EU could achieve Covid-19 immunity by mid-July, says vaccine chief

The EU's population of 450 million could achieve Covid-19 herd immunity by mid-July, the EU's vaccine chief Thierry Breton told French newspaper Le Parisien.

EU could achieve Covid-19 immunity by mid-July, says vaccine chief
Thierry Breton, the European Commissioner in charge of the vaccine production task force, said the EU could achieve Covid-19 immunity by mid-July. Photo: Emil Helms / Ritzau Scanpix / AFP

Breton, the EU commissioner in charge of the vaccine task force, had already suggested at the end of March that herd immunity would be possible in the EU by July 14th, as incoming jabs are expected to speed up the continent’s sluggish vaccine rollout.

On Monday, he confirmed his prediction to Le Parisien: “We now have good visibility of what is happening, from the production of vaccines to the distribution and tests,” he said.

“Fourteen million doses were delivered to the EU in January, 28 million in February and 60 million in March. For the next quarter, we will increase to 100 million in April, May and June.
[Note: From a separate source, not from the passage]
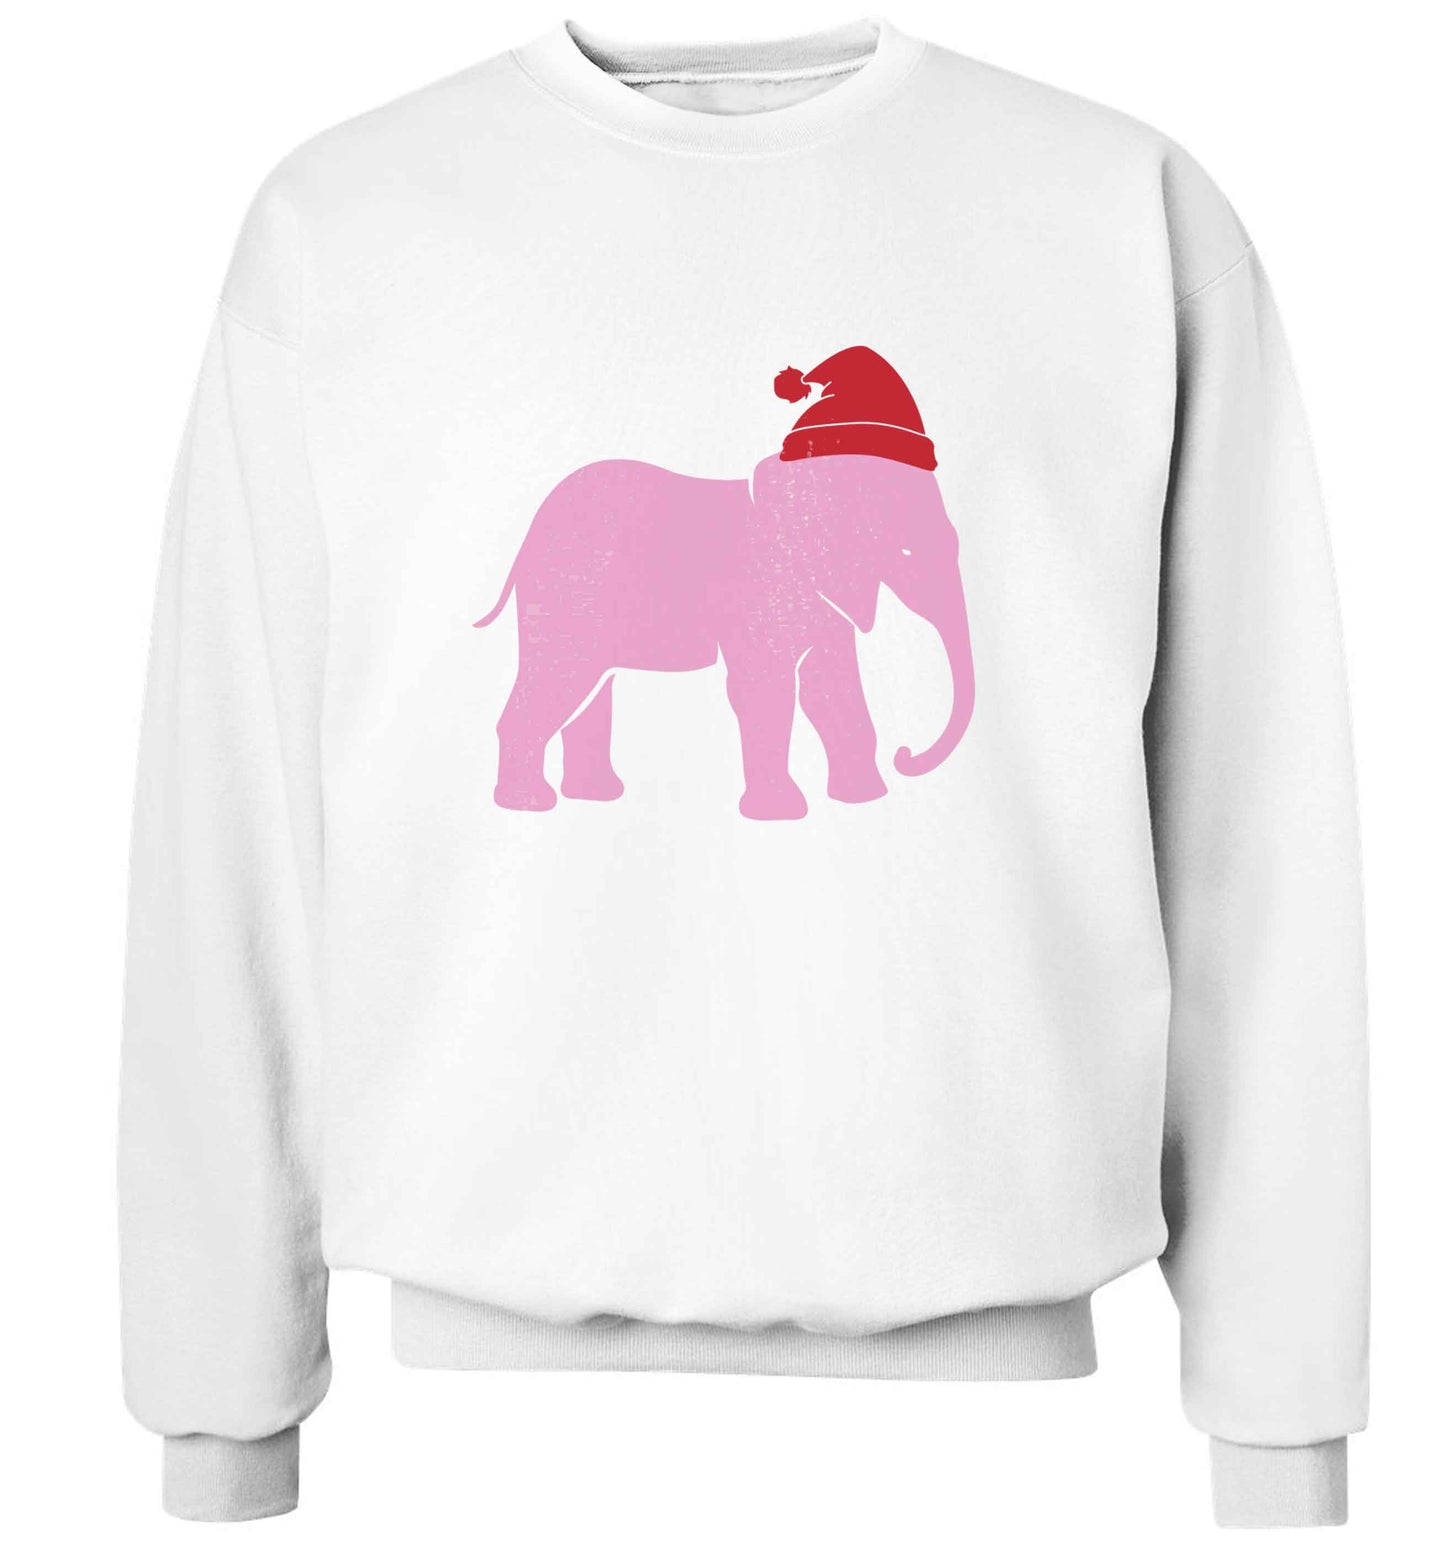 Pink elephant Santa adult's unisex white sweater 2XL

Then 120 million in the summer, and we will reach a rate of 200 million from September,” he said.

In the second half of the year as a whole, the EU will have received over 800 million doses, according to Breton.

READ ALSO: Europe’s slow vaccine rollout is ‘prolonging the pandemic’ as infections surge

The note of optimism came after several European countries have reimposed restrictions in an attempt to halt soaring Covid case numbers, and the World Health Organisation slammed Europe’s vaccine rollout as “unacceptably slow” on Thursday, saying that it was prolonging the pandemic.
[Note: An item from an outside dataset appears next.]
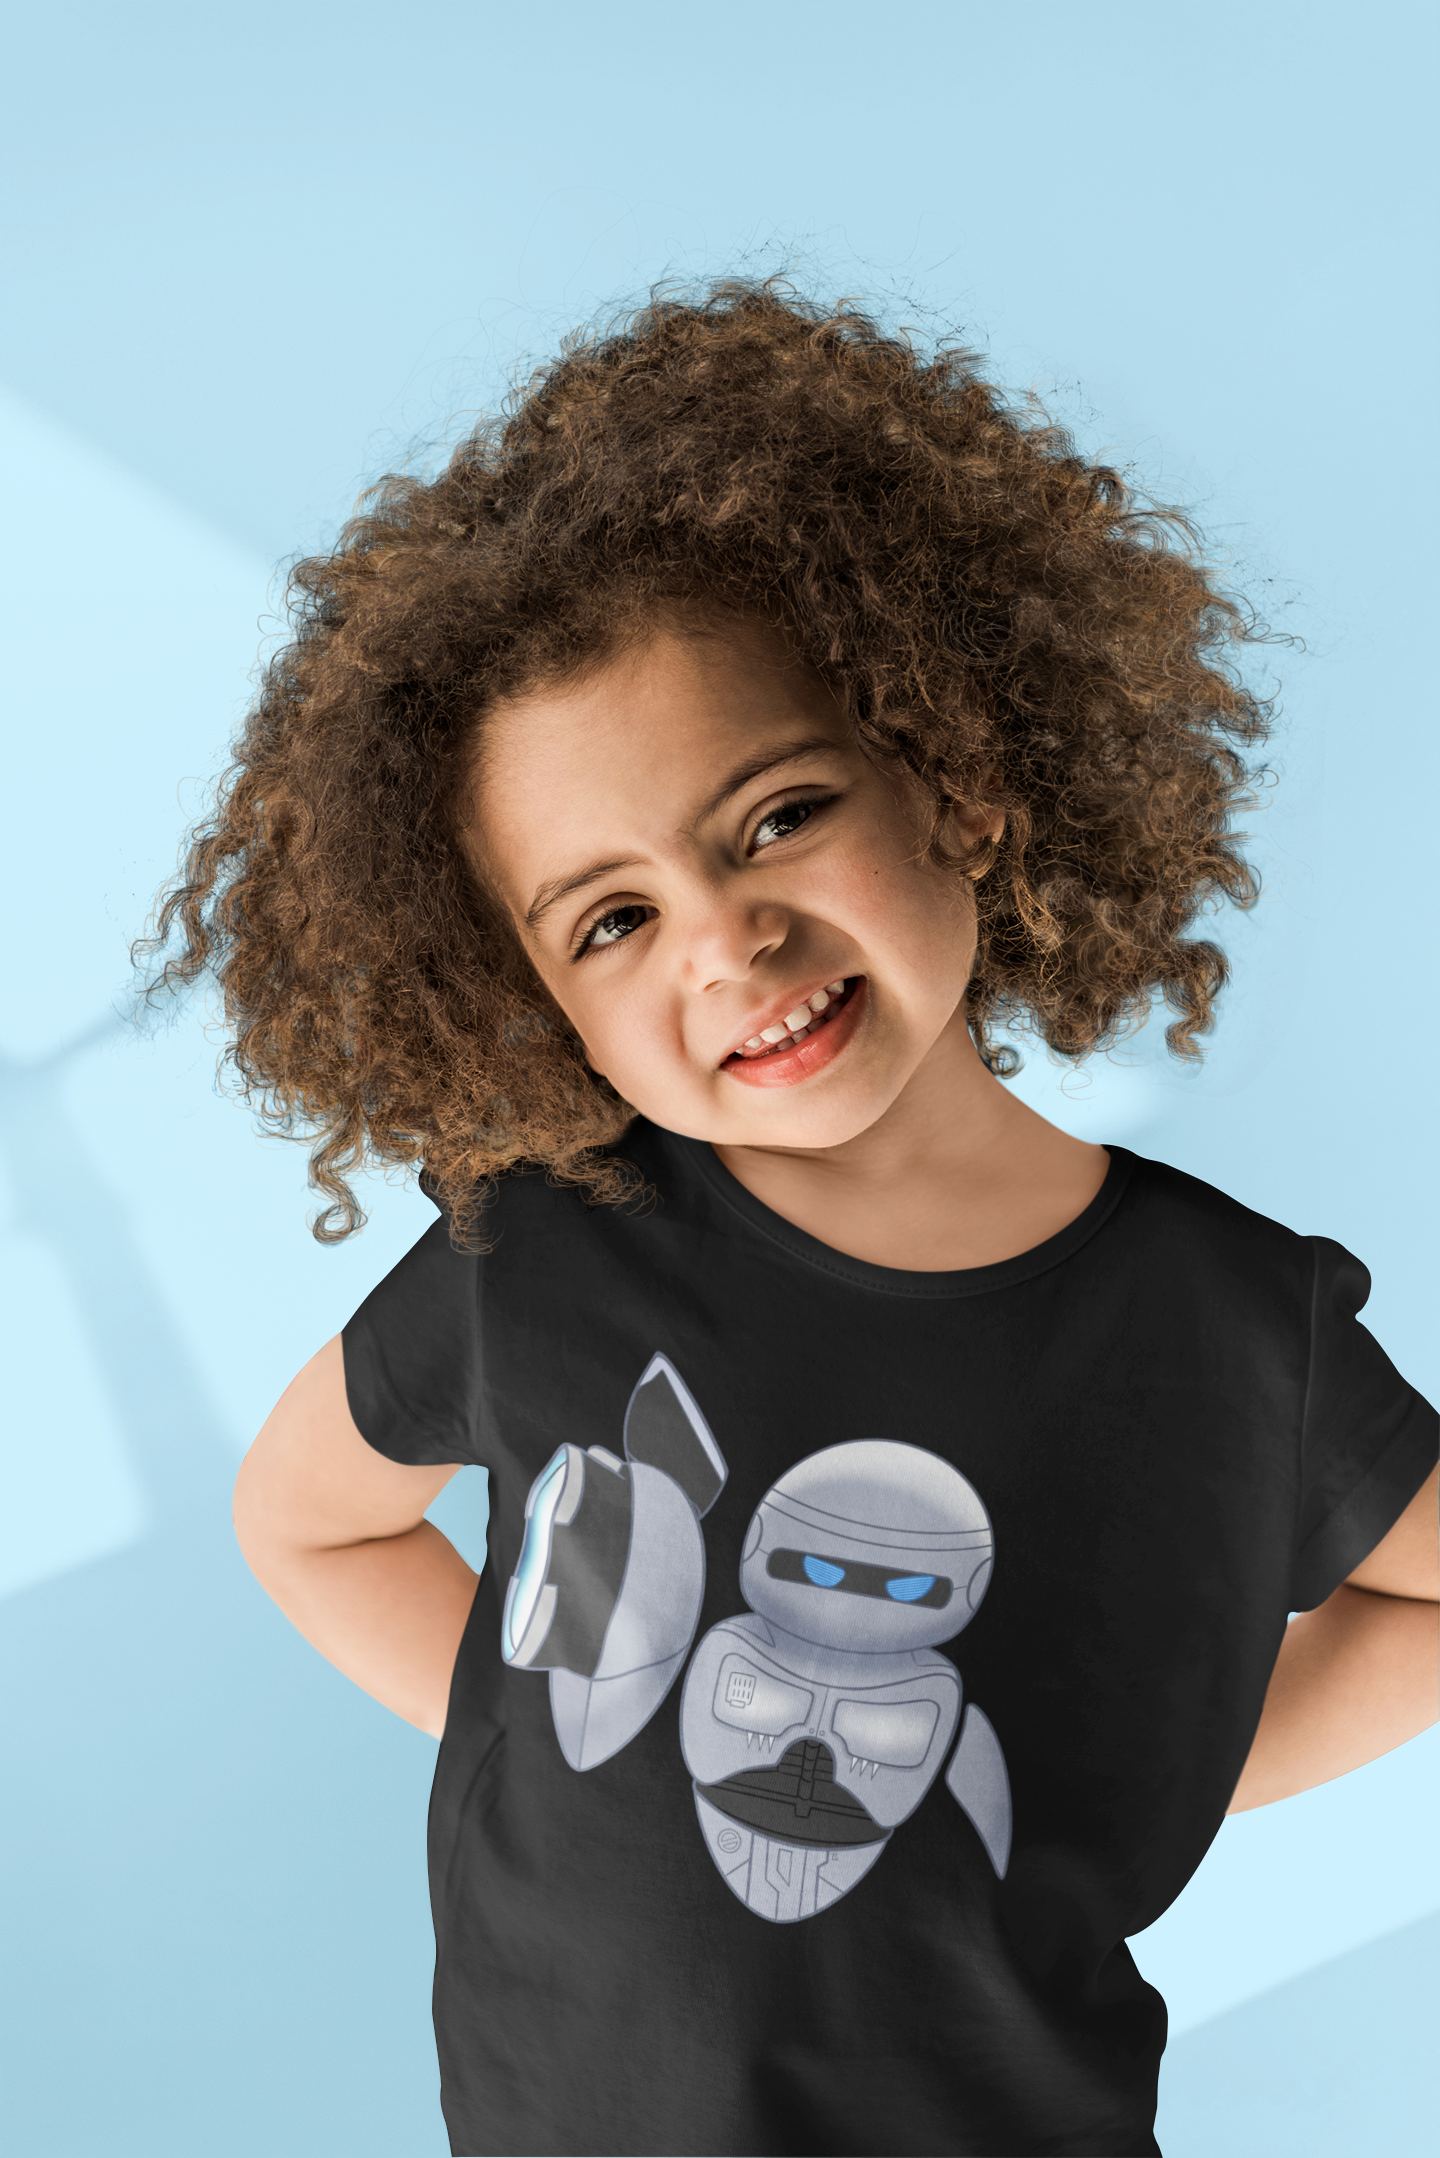 EVACOP: Eva from WALL-E as RoboCop Toddler T-Shirt

“Vaccines present our best way out of the pandemic…However, the rollout of these vaccines is unacceptably slow,” WHO director for Europe Hans Kluge said in a statement.

So far, only about 10 percent of the region’s total population have received one vaccine dose, and four percent have completed a full vaccine series, the organisation said.

The WHO’s European region comprises 53 countries and territories and includes Russia and several Central Asian nations.

But when it comes to the EU’s slow vaccine rollout, Breton blamed the AstraZeneca laboratory.

“If we had received 100 percent of the AstraZeneca vaccines we were contractually owed, today the EU would be at the same level as the UK in terms of vaccination,” he said. “I can confirm that this hole is due entirely to AstraZeneca’s delivery failures.”

READ ALSO: Questions about possible AstraZeneca jab side-effects linger

On Monday, Johnson & Johnson said it would start delivering its single-shot Covid vaccine to Europe on April 19th, giving the continent a boost in its vaccination drive.

The EU has signed a firm order for 200 million J&J doses and an option for 200 million more.

Member comments

  1. Typical French bullshit:

    “If we had received 100 percent of the AstraZeneca vaccines we were contractually owed, today the EU would be at the same level as the UK in terms of vaccination,” he said. “I can confirm that this hole is due entirely to AstraZeneca’s delivery failures.”

    The EU was simply late, couldn’t make a decision, didn’t put any effort (or money) into the Oxford vaccine’s development as the UK did, then having belatedly put in an order didn’t read or understand the contract they signed, again couldn’t make a decision to allow the vaccine to be used, then stockpiled what they had (which is probably still the case), then threatened illegally to ban exports and they’re still in a mess.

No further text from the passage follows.